Monday, June 22, 2009
Richard Doster's Crossing the Lines ~ Reviewed
Crossing The Lines
By Richard Doster
Published by David C. Cook
Family man Jack Hall wants nothing more than to be respectable newspaper reporter see a good baseball game now and again, love his wife, and watch his son grow up in their middle-class, white community. Then he finds himself on the fault line where black meets whit in the American South of the late 1950’s.
Still reeling from an explosive confrontation that put his family in jeopardy, Jack takes a job with the Atlanta Constitution and moves his family south. He’s thrilled when he’s introduced to legendary editor Ralph McGill, an outspoken opponent of segregation who promptly sends Jack to Montgomery to investigate reports of a bus boycott.
There Jack meets another man on the fault line: Martin Luther King Jr. Profoundly moved by King’s commitment to Christian philosophy, Jack’s writing begins to reflect a need for racial equality and tolerance that isn’t always well received—even by his own wife.
Once again, historic events sweep Jack—and his idealistic son, Chris—into harms’ way. Will this be the collision that destroys his family forever?
Richard Doster pens a heartfelt, powerful, thought provoking book that gives a broad view of when things started to forever change in the South. It was as much of a surprise to Martin Luther King, Jr. as it was to the rest of the world when a group voted him to lead a fight of justice, for all! Martin Luther tells a reporter, “There comes a time when people get tired of being plunged across the abyss of humiliation.”
Martin Luther tries to explain that this movement is not about desegregation - it’s about community. “We want the same things. We might come at it from a different direction; might see things from a slightly different angel, but we both want a place were people thrive, where they’re free, where everybody loves his neighbor.” Jack Hall, reporter for the Atlanta Constitution, doesn’t see this happening in a peaceful way—he’s scared to be part any of this movement—what will his neighbors and friends think?

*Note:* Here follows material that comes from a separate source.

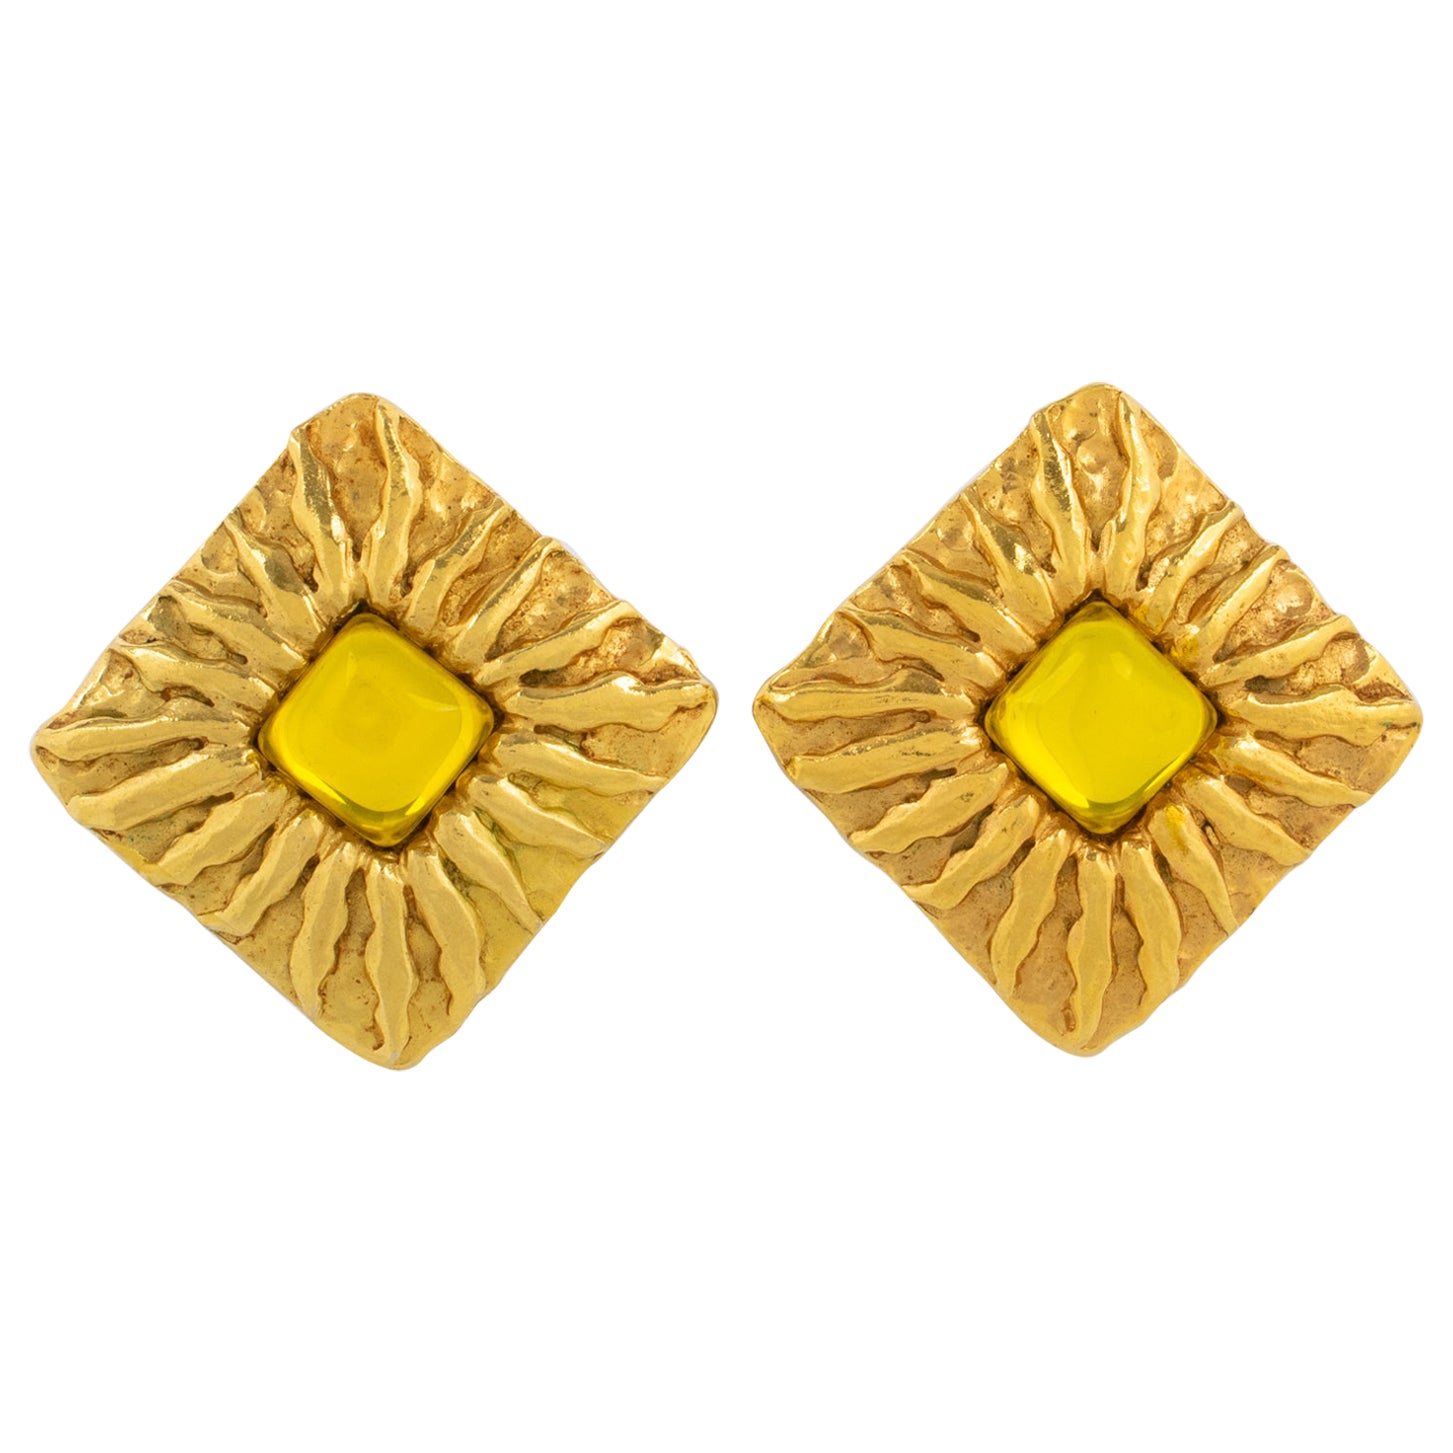 Jean Patou Paris Gilt Metal Sun Clip Earrings with Yellow Poured Glass Cabochon

To Jack, Martin Luther King says, “Justice is love correcting that which revolts against love. …. True peace—the kind the Bible talks about—has got to be more than the absence of hostility. It’s got to be the presence of something good. You can’t have peace until you’ve got justice and goodwill and honest-to-goodness brotherhood,” Jack starts to think about life in a new way after hearing Martin Luther’s speeches and his pastor’s sermons. He thinks God just might want to use him to get Martin Luther’s story out to the world.
Richard Doster has a section in the back of the book called “Fact or Fiction,” In it he describes what is real in the book and what he’s changed to help the story along. I found this helpful since I haven’t done an in-depth study of Martin Luther King Jr. or that time period before. I could never understand the hatred people had back then or why everyone was so angry; even the governor was angry enough to bring out the National Guard to stop ‘Negro’ children from entering a white school after a law had been passed to make this legal. Oh, My!! All that I read was mind boggling.
In the “author notes” page of the book, Richard says, “This is a story about how a contented Southerner grows uncomfortable with his region. It is a book about how attitudes—individual and collective—were changed, not only by events, but by the flesh-and-blood humans who transformed the Old South into the new one.” I loved this story and think it’s an important read. The author doesn’t give an account of detailed history that will put you to sleep. Instead Richard centers the story around Jack Hall and his family dynamic, as well as Jack’s relationship with Martin Luther King Jr.
The author used parts of Martin Luther’s speeches and parts from a book Martin Luther King Jr. wrote called Stride Toward Freedom (published in 1958)—along with several resources he mentions in the back of the book. This is one fascinating well-rounded glimpse into how we got closer as a country- a country moving toward the brotherhood that King envisioned. We have a long way to go, but this book tells how Martin Luther King, Jr. helped us as a nation - take one huge step for man kind, in a direction to help us love our neighbor- the way the bible tells us we can.